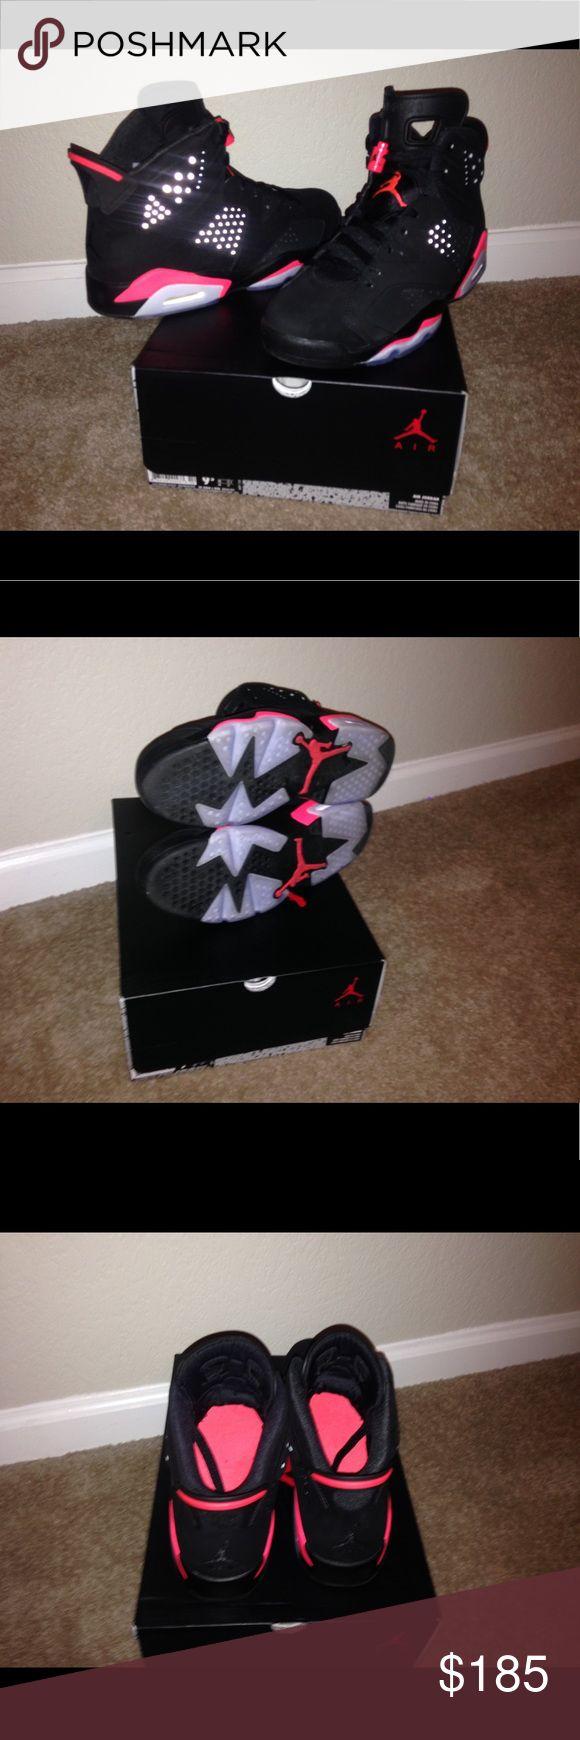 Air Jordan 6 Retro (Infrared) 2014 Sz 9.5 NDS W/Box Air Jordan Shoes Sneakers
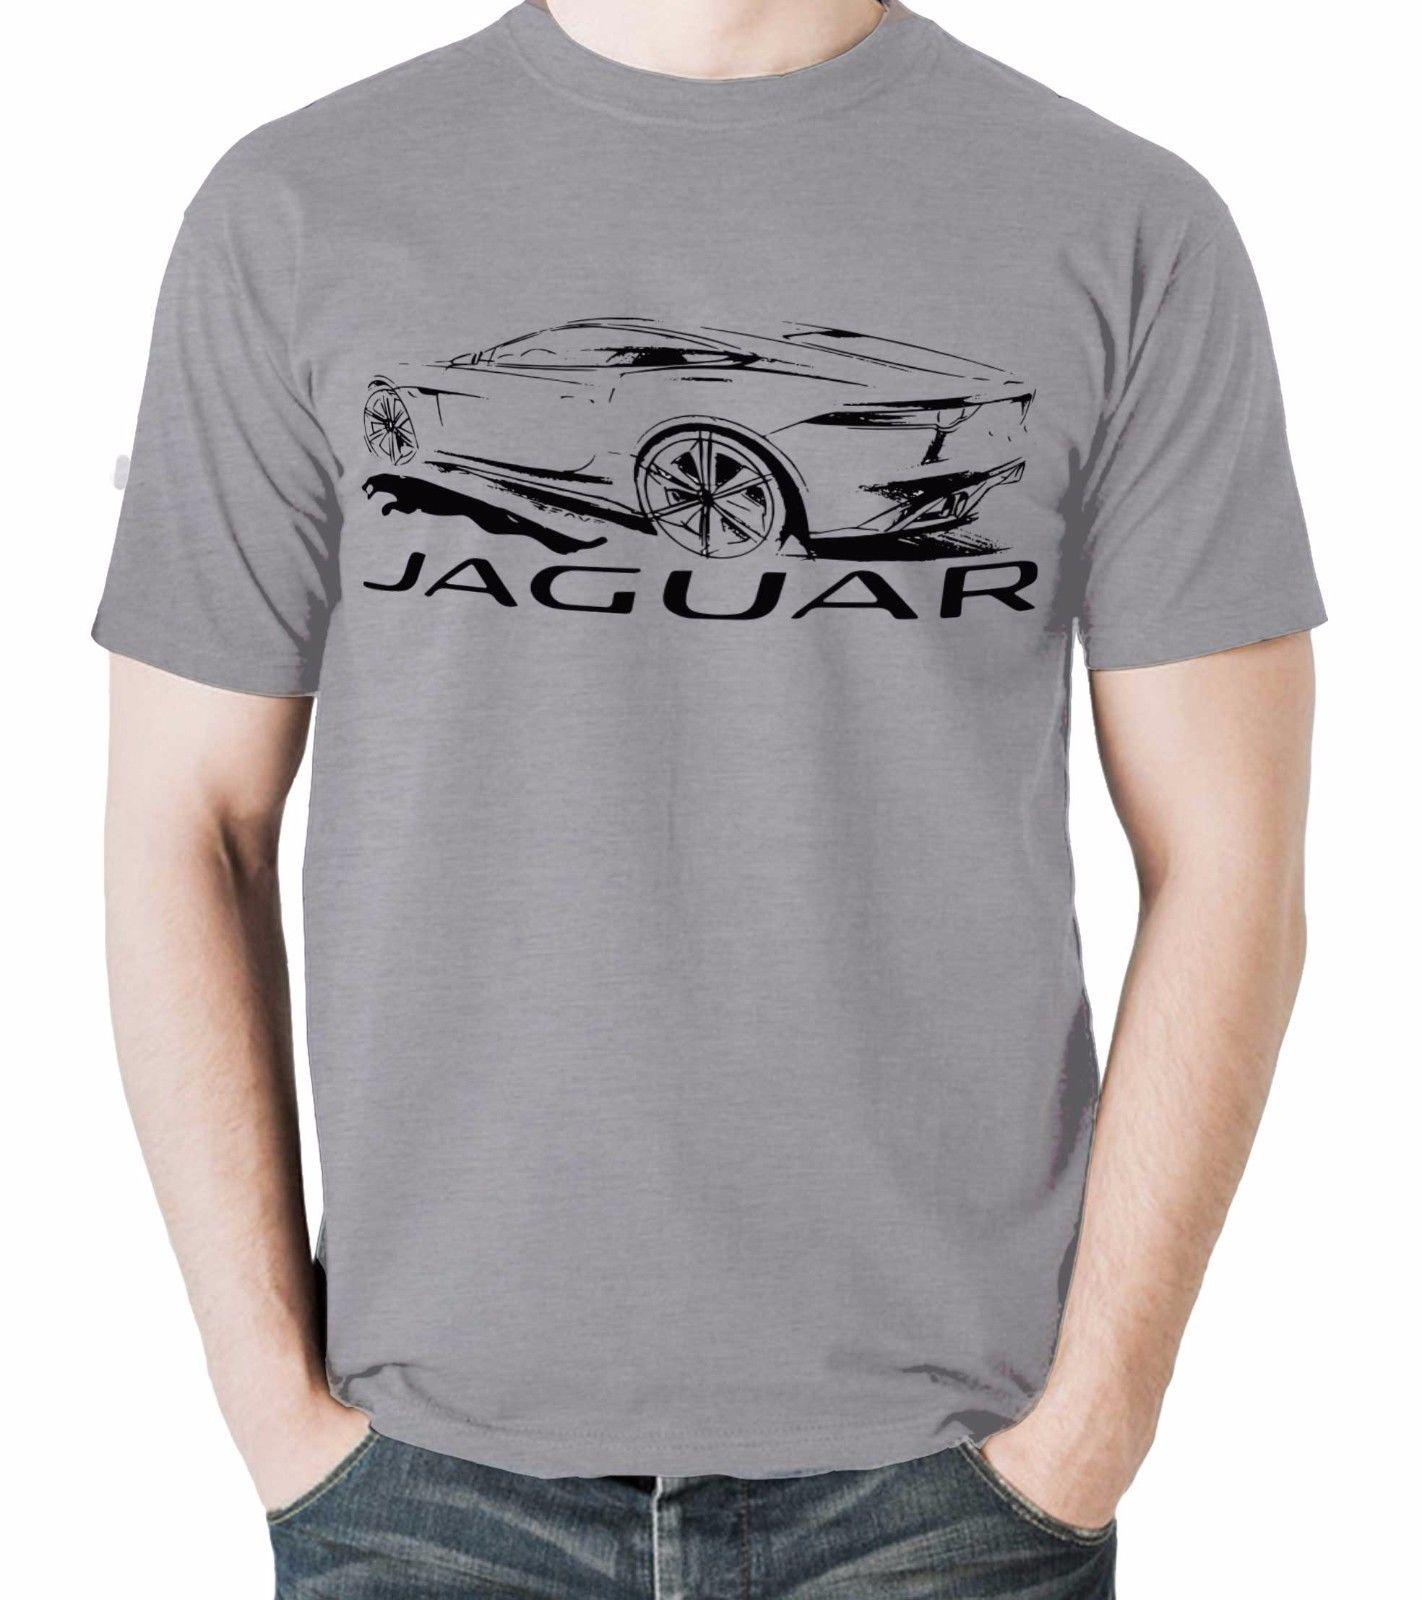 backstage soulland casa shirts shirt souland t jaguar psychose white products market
--
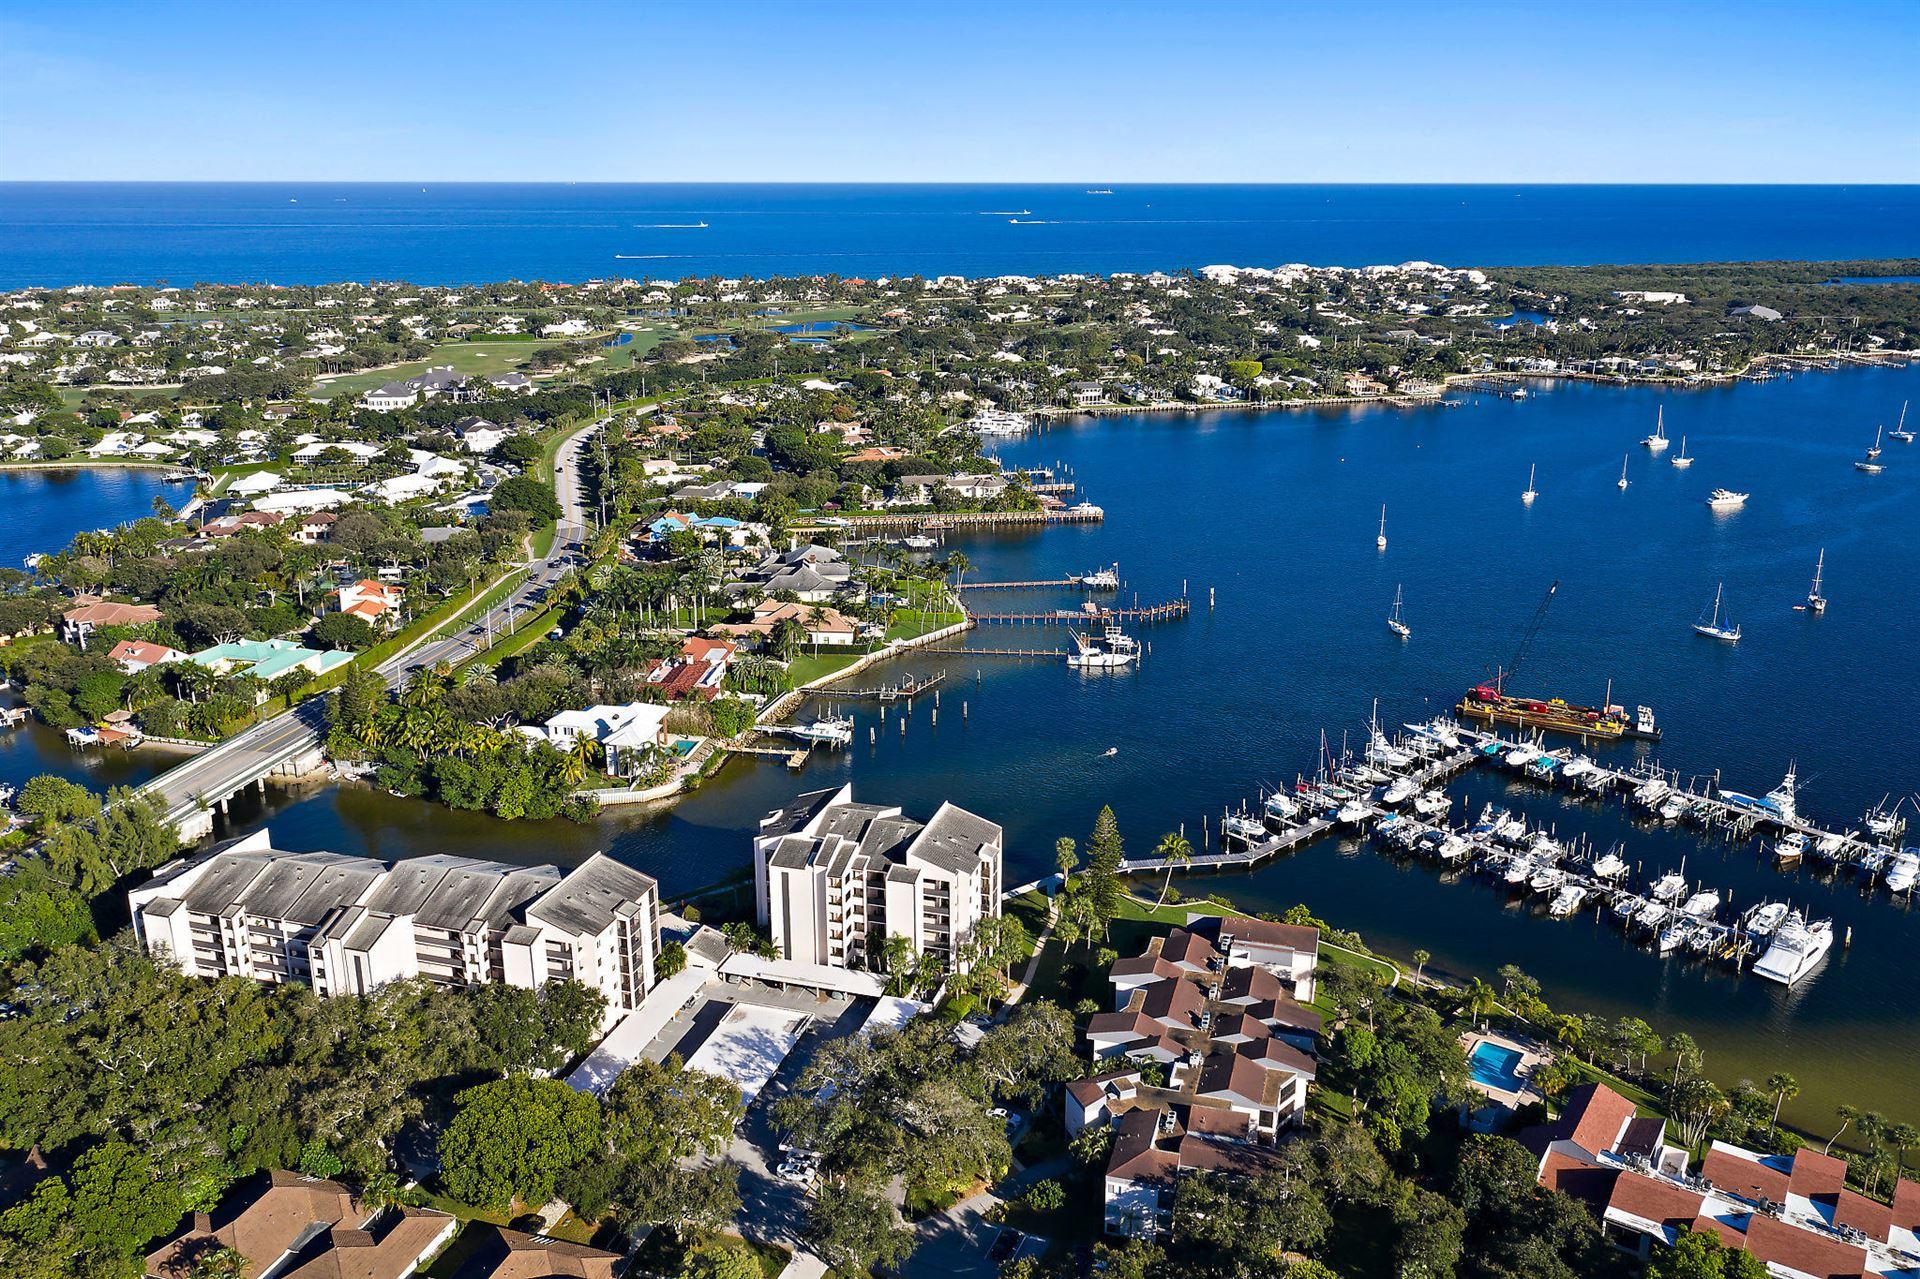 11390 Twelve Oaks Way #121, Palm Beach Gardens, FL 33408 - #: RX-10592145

**Work request:**
Output only the lines above from the line that holds "Air Jordan 6" through the line that holds "backstage soulland casa", both ends included, and exclude pictures.

**Problem solution:**
 Air Jordan 6 Retro (Infrared) 2014 Sz 9.5 NDS W/Box Air Jordan Shoes Sneakers
 backstage soulland casa shirts shirt souland t jaguar psychose white products market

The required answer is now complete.